Approach: Defined 15 ESPN tool schemas for both Anthropic and Groq, built a tool use loop that handles multi-step responses, and used an automated eval pipeline to score and improve the system prompt from v1 to v4.
Outcome: A 28% improvement in response quality (3.2 → 4.1 out of 5), live on Render, with real Detroit sports data available on demand.
Project Snapshot
- Platform: Web app (Streamlit)
- Stack: Python · Streamlit · Anthropic Claude API · Groq API · ESPN unofficial API
- Focus: AI tool use, prompt engineering, streaming, secure deployment
- Team: Solo
- Role: Full-stack developer, AI engineer, prompt engineer
- Timeline: April 2026 - April 2026
Role
Solo developer and AI engineer responsible for the full stack: Streamlit UI, Anthropic and Groq API integration, ESPN tool definitions, prompt engineering, eval pipeline, and Render deployment.
My Contributions
- Defined 15 ESPN API tool schemas compatible with both Anthropic and Groq (OpenAI-compatible format)

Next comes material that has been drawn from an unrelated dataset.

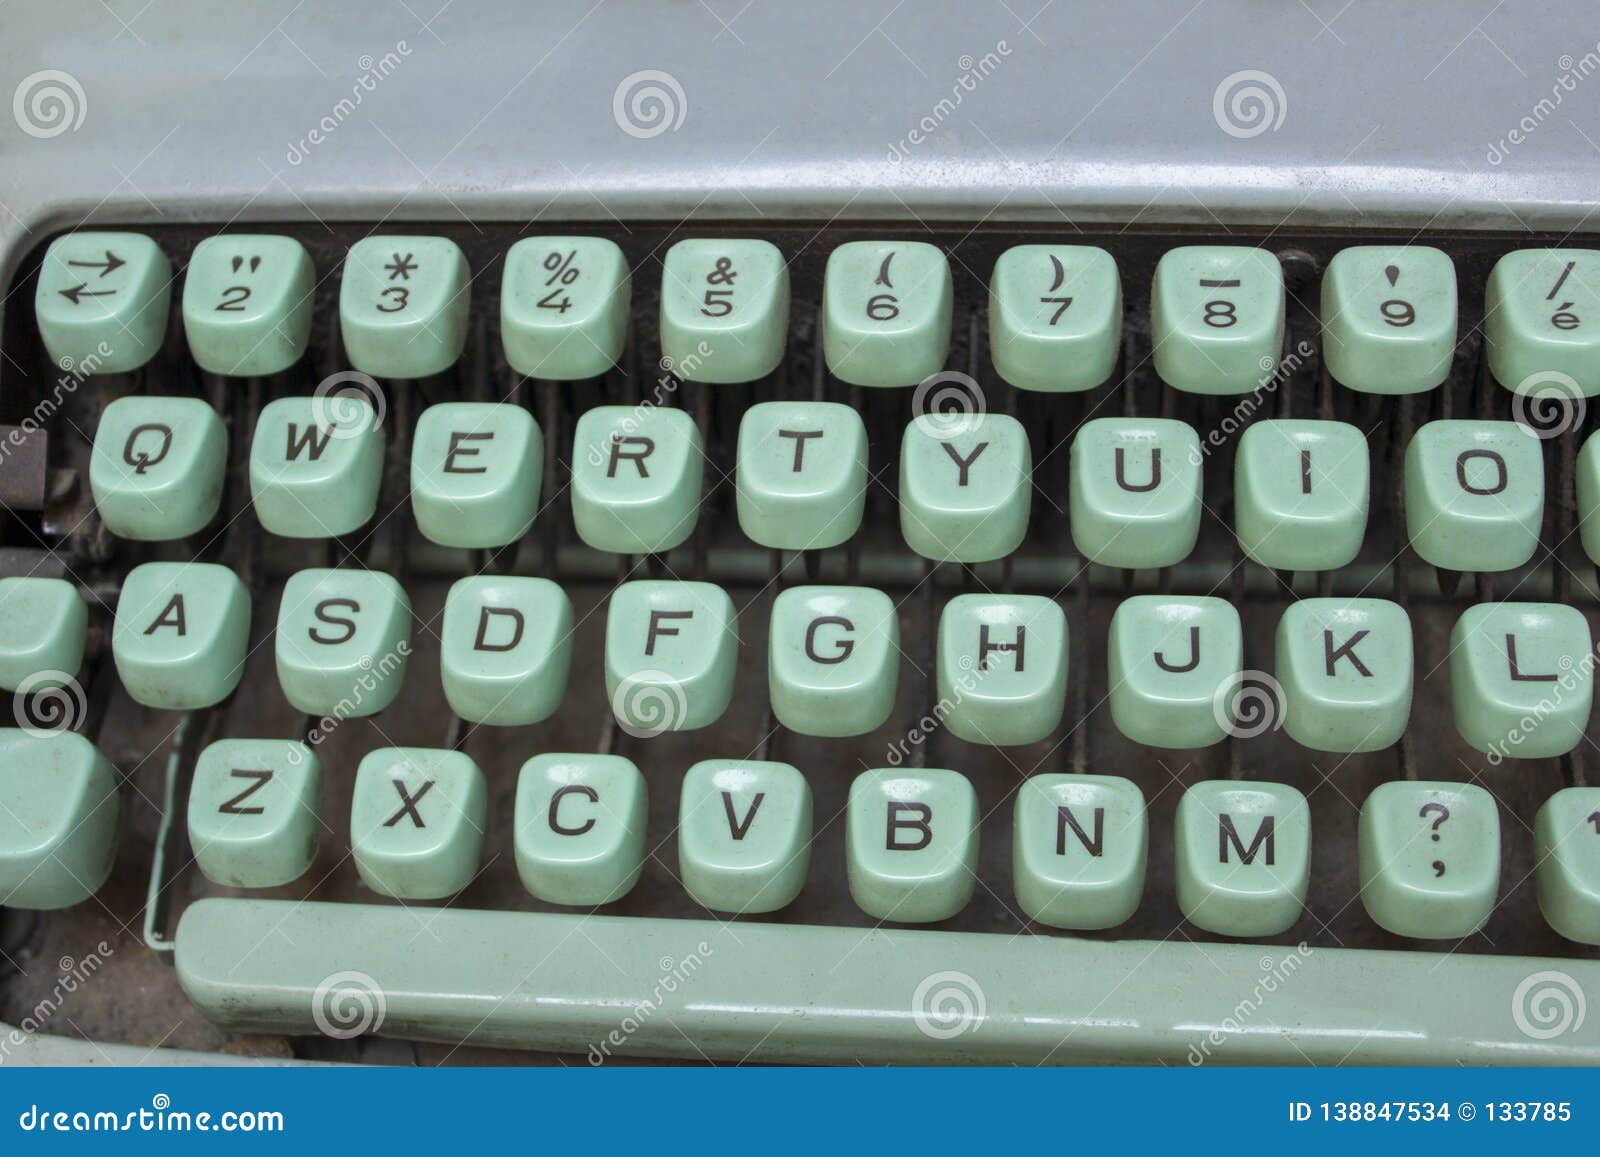 blue typewriter keyboard

- Built a tool use loop so the model can call multiple ESPN tools in a single response
- Implemented streaming responses in Streamlit for word-by-word output
- Added a provider switcher in the sidebar (Claude Sonnet ↔ Groq Llama 3.3 70b)
- Engineered and iterated the system prompt using an automated eval pipeline (eval.py)
- Added 30-second ESPN response caching, rate limiting (10 req/min), and secure server-side API keys
- Deployed on Render free tier with environment variable configuration
Key Features
- 15 ESPN API tools: live scores, standings, schedule, injuries, roster, news, team stats, transactions, depth chart, leaders, play-by-play, box score
- Dual AI provider support — switch between Claude Sonnet and Groq Llama 3.3 70b in the sidebar
- Tool use — the AI decides which ESPN tool(s) to call based on the question, and shows which tool is running in real time
- Word-by-word streaming responses
- Suggested starter questions shown on first load
- 30-second ESPN response cache to reduce redundant API calls
- Rate limiting (10 requests/minute) with user-friendly error messages
- API keys stored server-side only — never exposed to the browser
Architecture
The project is split into four focused files:
- app.py — Streamlit UI, sidebar provider selector, rate limiting, friendly error handling
- chatbot.py — Anthropic and Groq API logic, tool use loop, streaming
- sports_tools.py — All 15 ESPN API functions + tool schemas for both providers. Includes a
_fetch_espn()helper with 30-second caching and error handling - eval.py — Automated prompt evaluation pipeline using Groq to score responses 1–5
How Tool Use Works
When a user asks a question, the AI model decides whether to call an ESPN tool, which tool, and with what arguments — all automatically. The tool use loop handles cases where the model wants to call multiple tools in a single response.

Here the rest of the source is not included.